_RAW DATA_
···

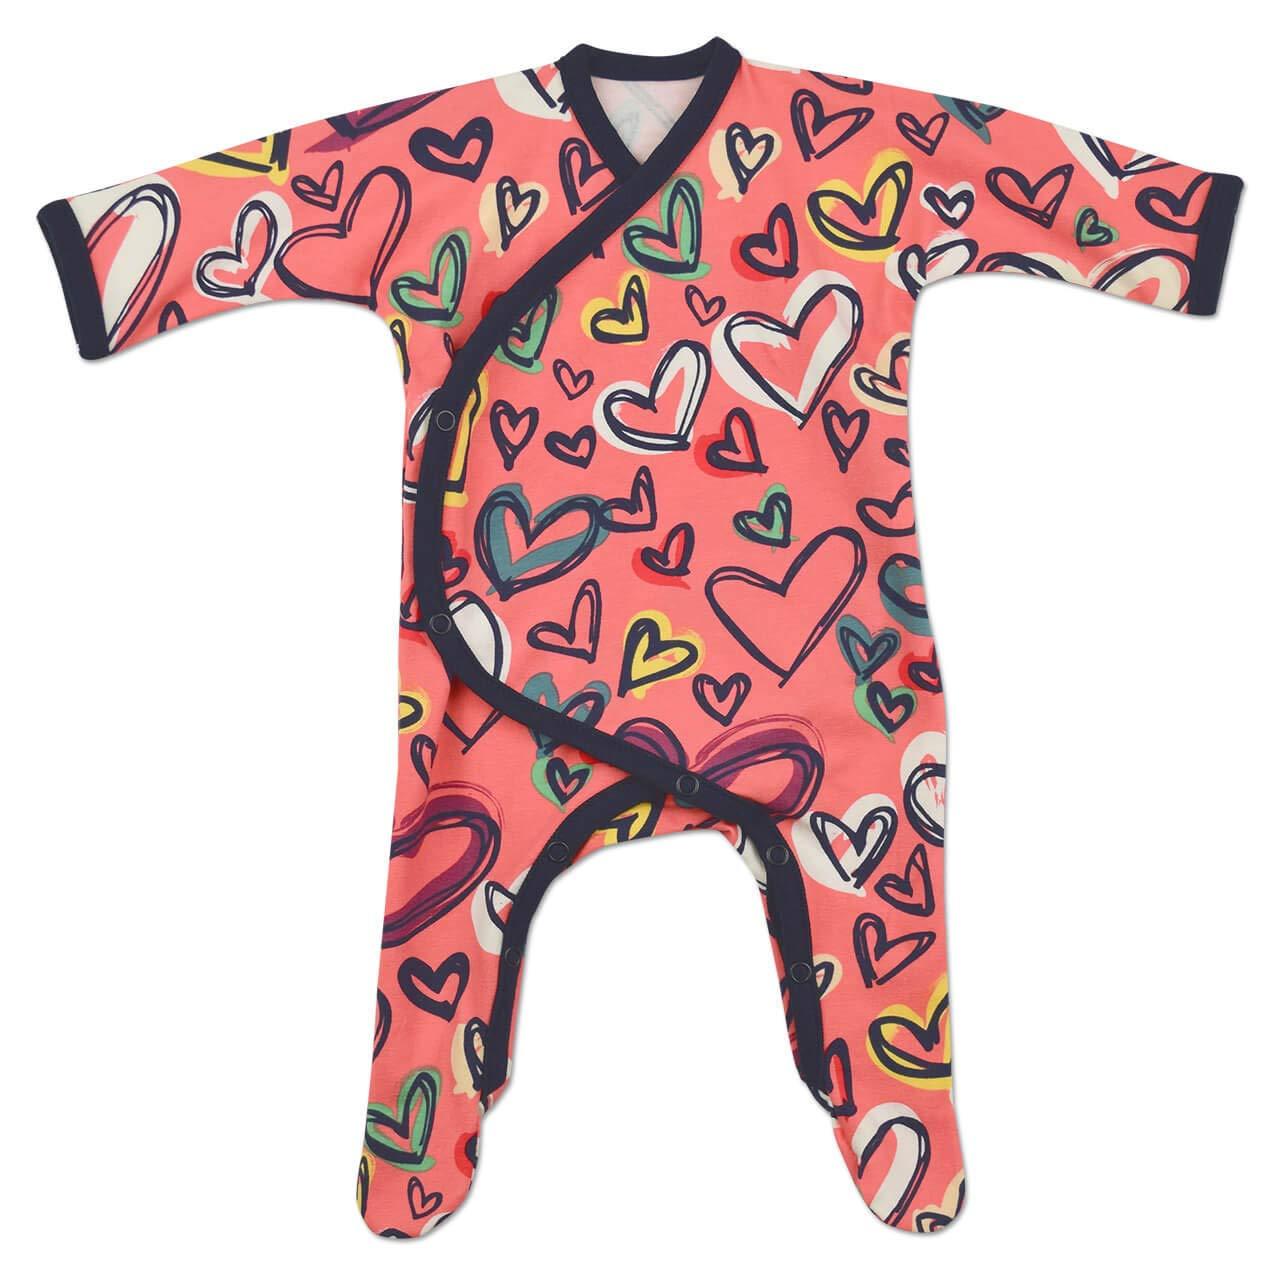 Perfectly Preemie Boys /& Girls Playsuit
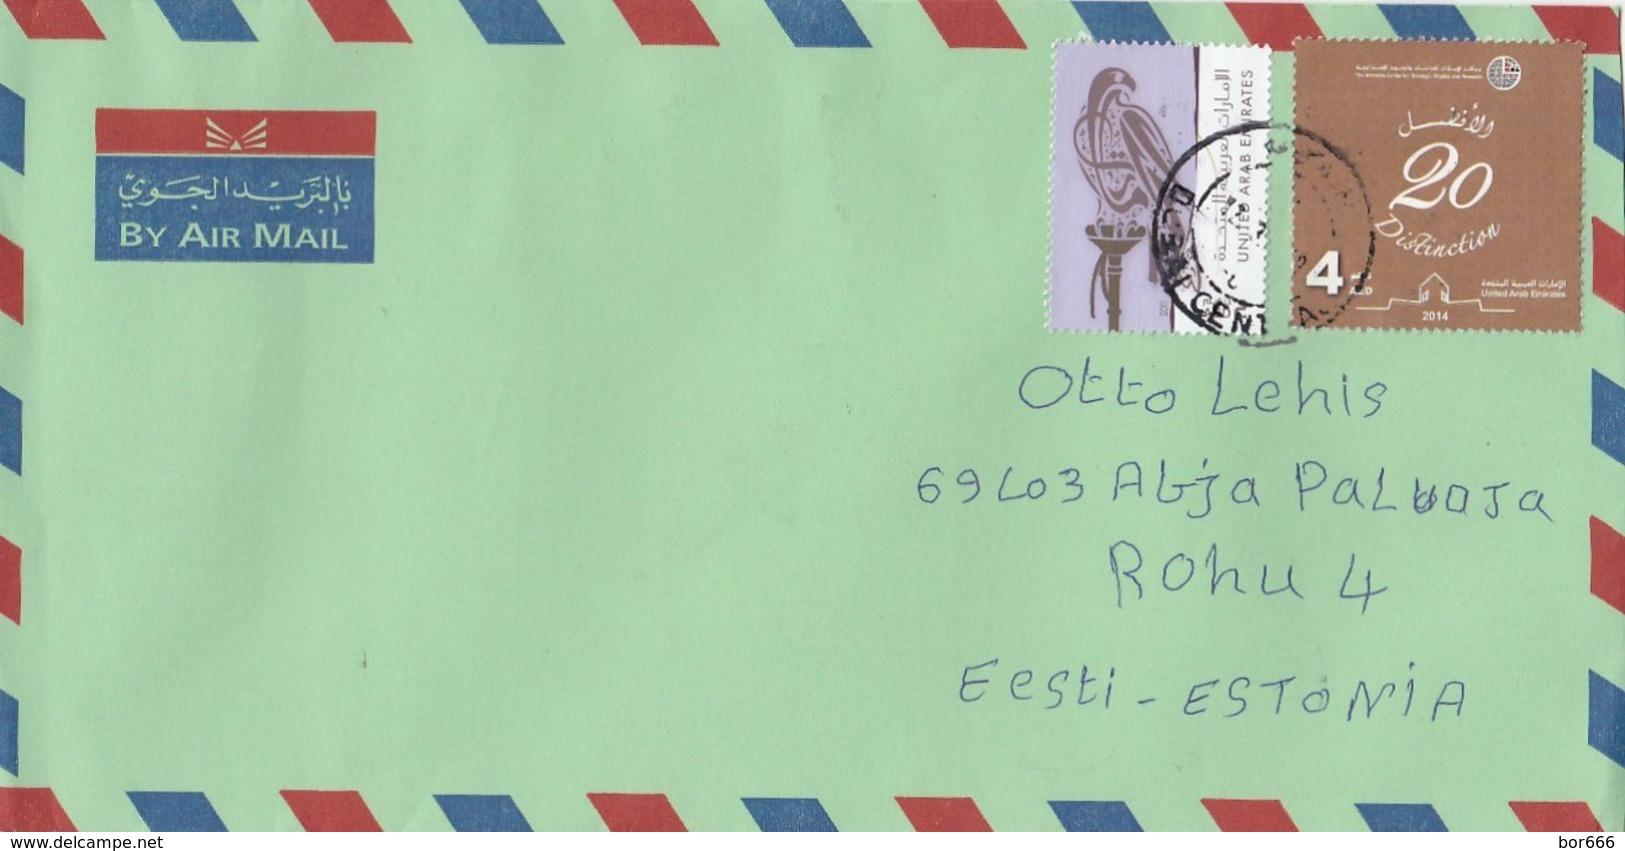 GOOD UAE Postal Cover To ESTONIA 2018 - Good Stamped: Birds ; Distinction 20 - United Arab Emirates
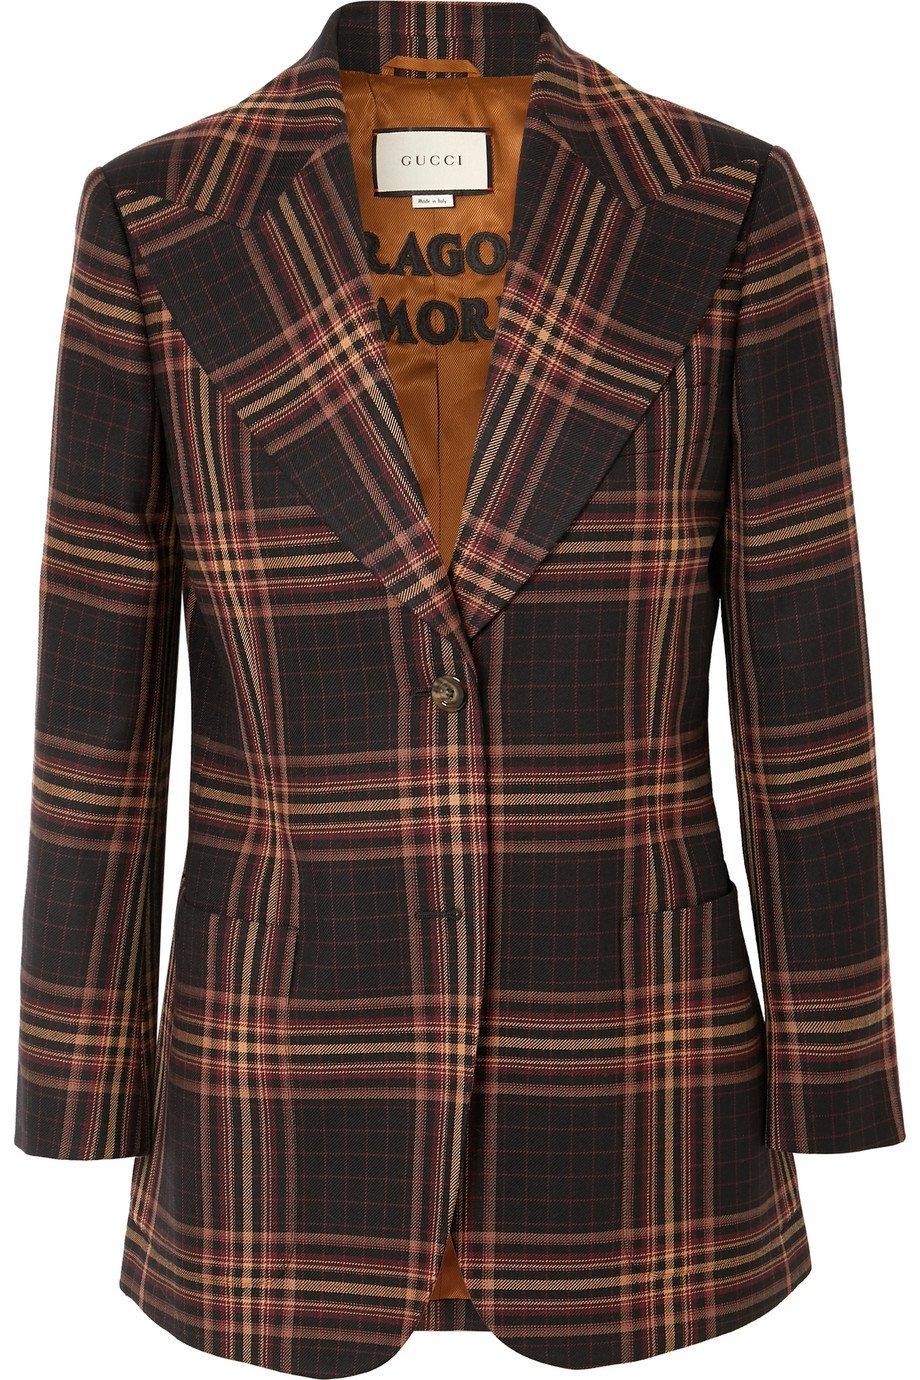 Gucci   Checked wool-twill blazer   NET-A-PORTER.COM

···

_WHAT TO WORK ON_
Reproduce exactly the lines from the one with "GOOD UAE Postal" to the bottom of the listing, both ends included, and nothing else. Skip the pictures.

_TASK OUTPUT_
 GOOD UAE Postal Cover To ESTONIA 2018 - Good Stamped: Birds ; Distinction 20 - United Arab Emirates
 Gucci   Checked wool-twill blazer   NET-A-PORTER.COM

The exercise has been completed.